Конец 1779 года в Спасском выдался холодным и снежным. Уже к началу ноября земля намертво была скована морозом, а к середине месяца и укрыта толстым слоем снега. Темнеть стало рано, а рассветать поздно… Зато не стало грязи и днем теперь, особенно в солнечную, морозную погоду и при отсутствии ветра можно было заметить издали поднимающиеся из труб прямо вверх многочисленные столбики сизого дыма, делающие крестьянские избушки со своими белыми крышами похожими на елочные украшения подвешенные к самому небу за тонкие, полупрозрачные нити. А еще в такую погоду можно было услышать звон бубенца, разносящегося далеко, далеко по заснеженному полю, а затем увидеть и саму конную упряжку с обязательным ямщиком в малахае, восседающим на козлах и закутавшимся в тяжелый, теплый тулуп барином, куда то направляющимся по своим делам. Холодно ему, зябко… Ждет, не дождется, родимый, пока доберется до места и окажется возле теплой печки да за хорошим столом, где ему тут же предложат горячих блинов со сметаной, а может быть и с варением, это уж на его усмотрение и нальют положенную чарочку. Холодно… Но уж извиняй, барин, на то она и зима, что бы щеки морозить, терпи уже…
Холод на улицах и тепло в домах, спрятавшиеся под снегом покосившиеся крестьянские избы и графский дворец на берегу пруда со своим в нем отражением, сквозняк из щелей в сенях и потрескивание дров в каминном зале. Черное и белое, орел и решка… Два мира одной вселенной, Россия матушка…
Зима пришла как всегда, когда её не ждали. Еще вчера шел дождь, и ноги по колено тонули в грязи, а уже сегодня выпал снег, преобразив до неузнаваемости мрачную осеннюю действительность, и те же самые ноги стали уже мерзнуть. Белое снежное поле и черный пруд… Пруд еще не замерз, потому и черный, иначе бы его зима уже давно побелила. Но и это было уже не за горами… Начнется декабрь и все преобразится. Пруд превратится в каток и прямо на его середине крепостные умельцы выстроят как в прошлые времена великолепный ледяной замок с остроконечными шпилями. а чуть позже поставят еще и красивую, до самого неба елку с игрушками. Пройдет еще немного времени, и все здесь засияет, загремит и закружится в веселом Рождественском хороводе. Все будут радоваться и веселиться, кричать и смеяться, играть в снежки и кататься в санях запряженных русскими тройками: дети и взрослые, шикарные дамы и надменные господа, баре и крепостные, бедные и богатые…Зима пришла – виват! Христос родился – виват! Великой России – виват, виват, виват!!!

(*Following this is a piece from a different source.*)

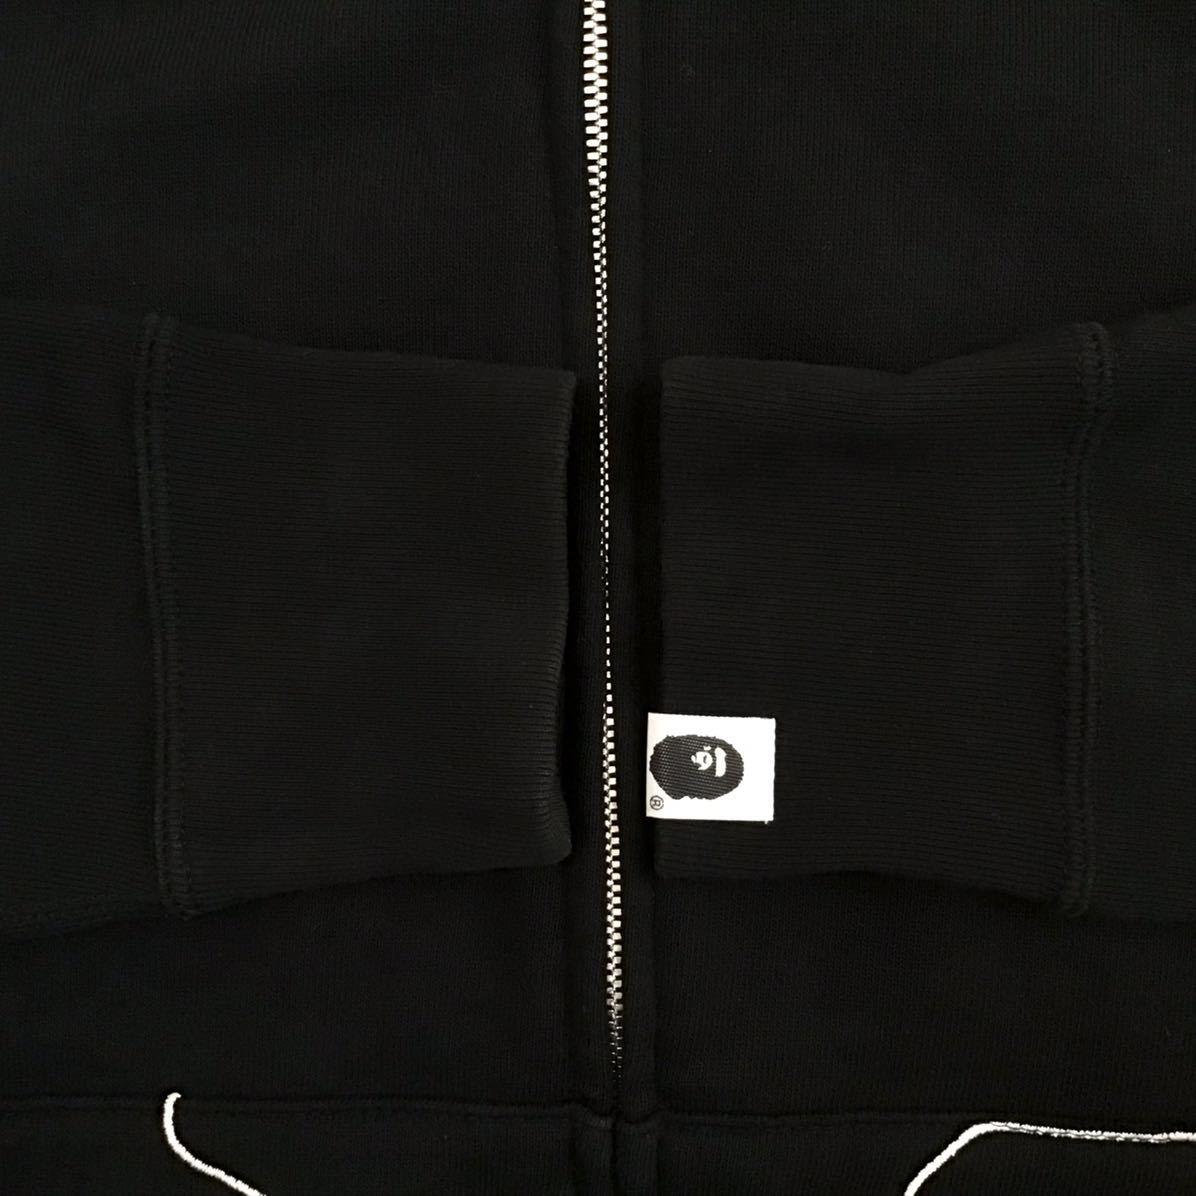 ★青山限定★ ホルスタイン パーカー Sサイズ Holstein full zip hoodie a bathing ape bape cow エイプ ベイプ アベイシングエイプ 58ja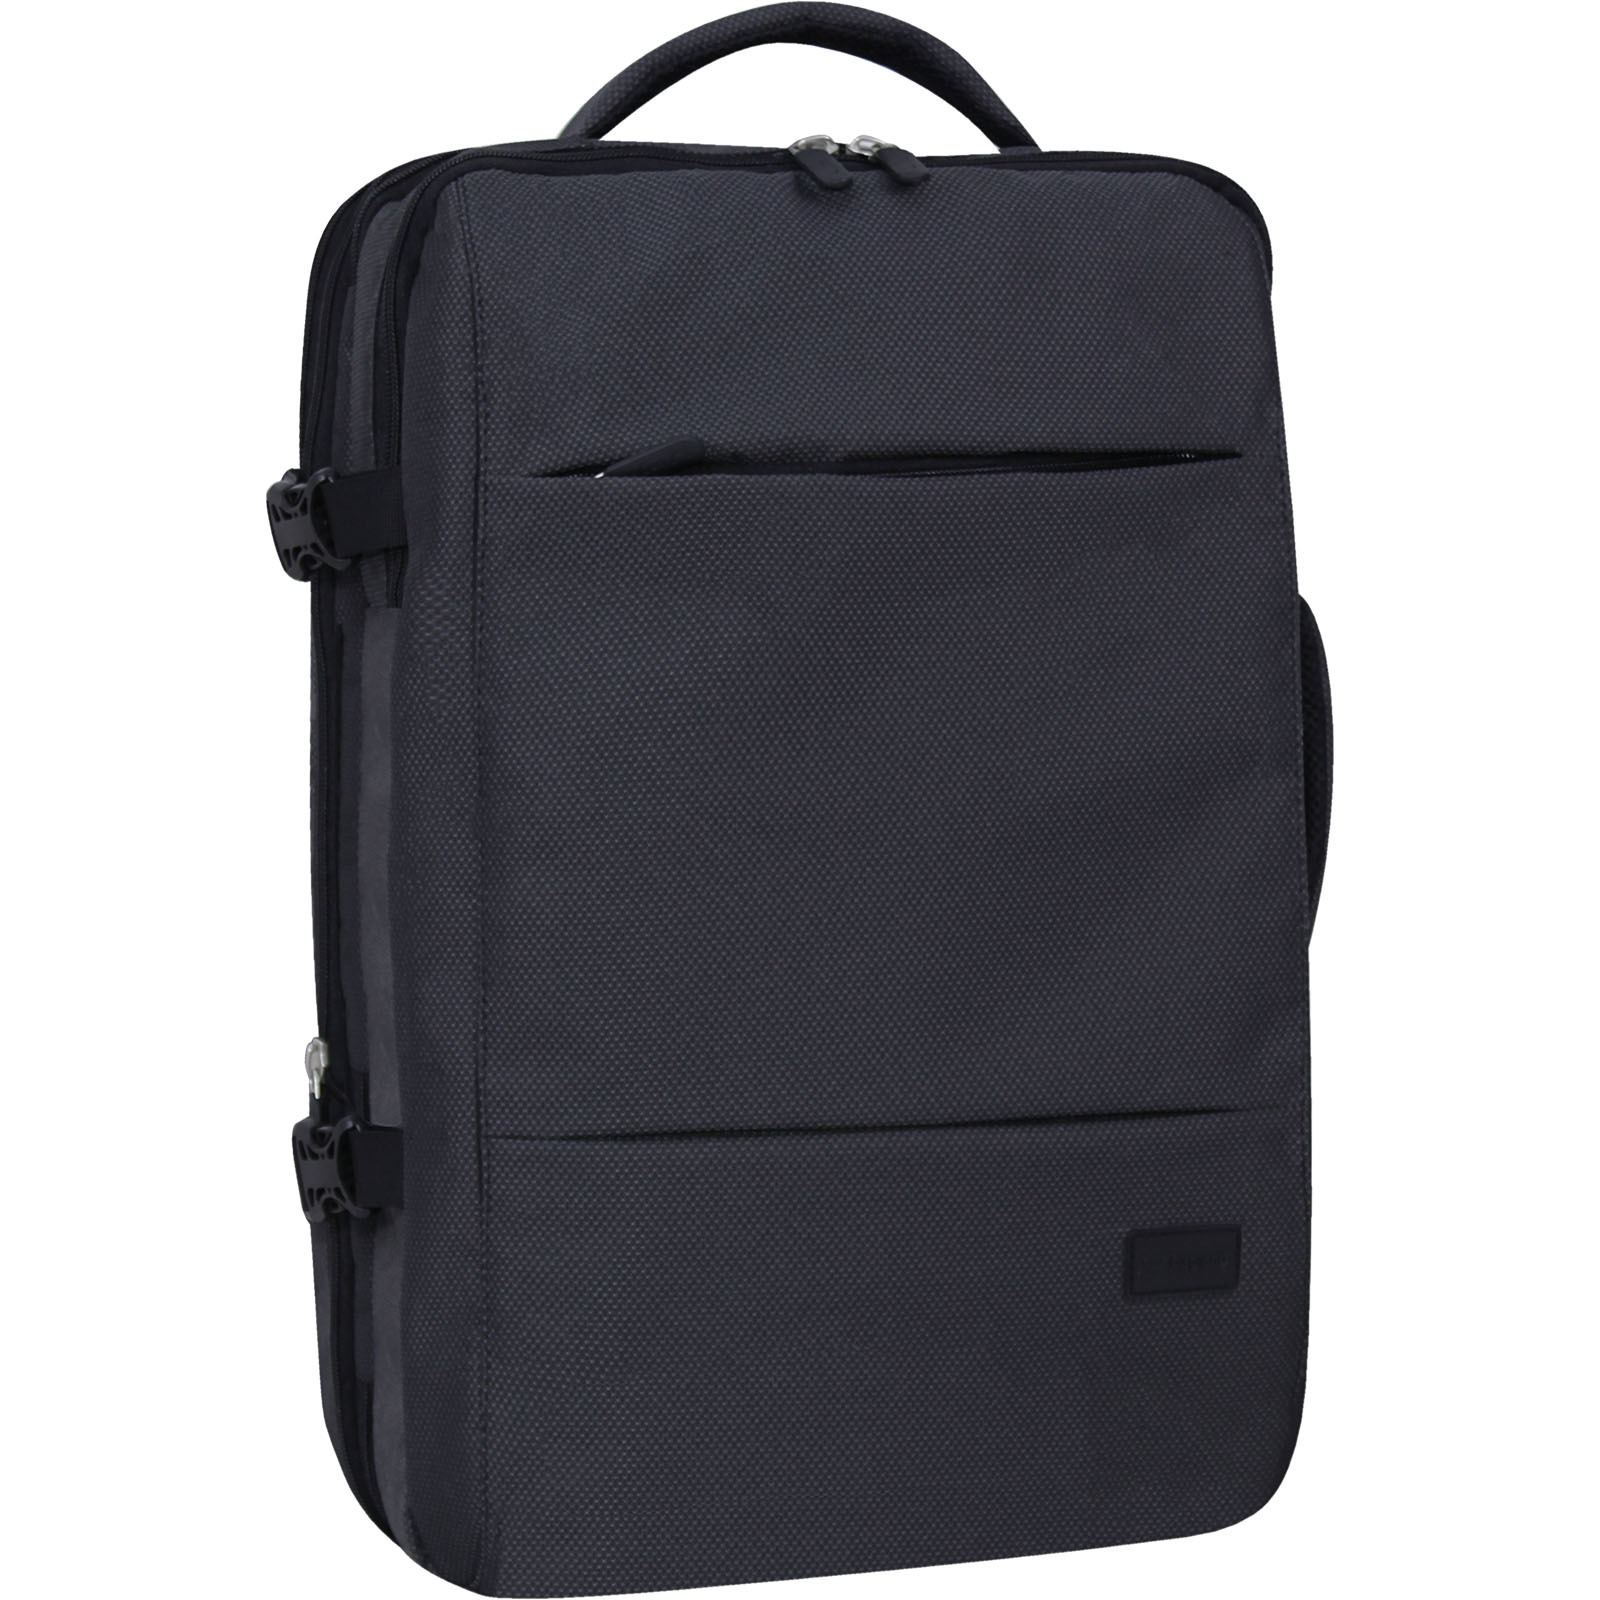 Мужские рюкзаки Рюкзак Bagland Ганновер 42 л. Чёрный (00901169) IMG_4110-1600.jpg

Все будет как в добрые старые времена, когда почти вся Москва съезжалась сюда на праздники, до тридцати тысяч всякого люду собиралось, а может и больше… Вот было веселье! Днем - звон колоколов, мороз и яркое солнце, а ночью, после церковной службы – праздничный салют, песни и брызги шампанского…
Не будет… Ни песен не будет, ни салюта, ни уж тем более шампанского. Ничего здесь больше такого не будет, все в прошлом, все, все, все… Только водка будет горькая на поминках да слезы… И еще будет тяжелое, почти черное небо и беспрерывно идущий снег, и еще…ветер, пробирающий до костей и леденящий душу.
Всего семь верст от Москвы по большой Владимирской дороге, а какая глушь! В двух шагах ничего уже не видно и не слышно. Только вой ветра и пронизывающий все тело холод, конский храп и занемевшие, вцепившиеся в уздечку пальцы окоченевших рук, мрачное небо и забивающий глаза снег… Шпоры в ребра и лишь бесконечное: «Но-о, пошел, но-о…» Всадник на черном, взмыленном, не смотря на холод, коне и следом волк, большущий и черный, словно изгибающаяся тень, преследующая добычу… Еще немного, осталось еще чуть-чуть… Конь хрипит, копыта тонут в глубоком снеге, силы на исходе…
- Но-о, бестия…- орет всадник и его острые шпоры снова впиваются в конские ребра. Ржание, хрип и обезумевшие черные конские глаза… Конь не выдерживает и заваливается всей своей массой в снег. Человек оказывается под ним, нога его намертво зажата тяжелым конским крупом. Конь пытается подняться, но этим только еще больше ухудшает дело, ногу уже не вытащить. Всадник кричит, то ли от боли, то ли от злости, но его конь, его верный друг снова на ноги встать уже не может. Загнал черный всадник коня, загнал до смерти… Но нет, конь еще пытается подняться, пытается еще разок, собрав все свои оставшиеся силы… Еще одна отчаянная попытка и вот, почти получилось, жеребец стал подниматься… Страшные усилия и он почти на ногах, но…ноги, его собственные ноги больше его не держат, тело для них стало слишком тяжелым, а они для него слишком слабыми… Конь хрипит и не понимает, что происходит. Почему? Почему все вокруг кружиться и качается? Почему все вокруг расплывается? Всадник успевает еще откатиться в сторону, как жеребец снова заваливается на то же самое место, только уже окончательно и навсегда… Конь больше не ржет и не хрипит, его большие умные глаза смотрят на хозяина с последней мольбой о помощи. Кто же ему поможет, как не тот, кому он столько лет служил верой и правдой, кто же ему еще здесь поможет? Человек поднимается и отряхивается. Белый парик с треуголкой валяются в снегу, ветер рвет его длинные темные волосы, снег слепит глаза, мешая смотреть. Все и вся на этом свете сейчас против него, даже его конь…Но и это еще не все, человек оборачивается и видит, что волк, следующий за ними тенью почти всю дорогу, их уже почти догнал...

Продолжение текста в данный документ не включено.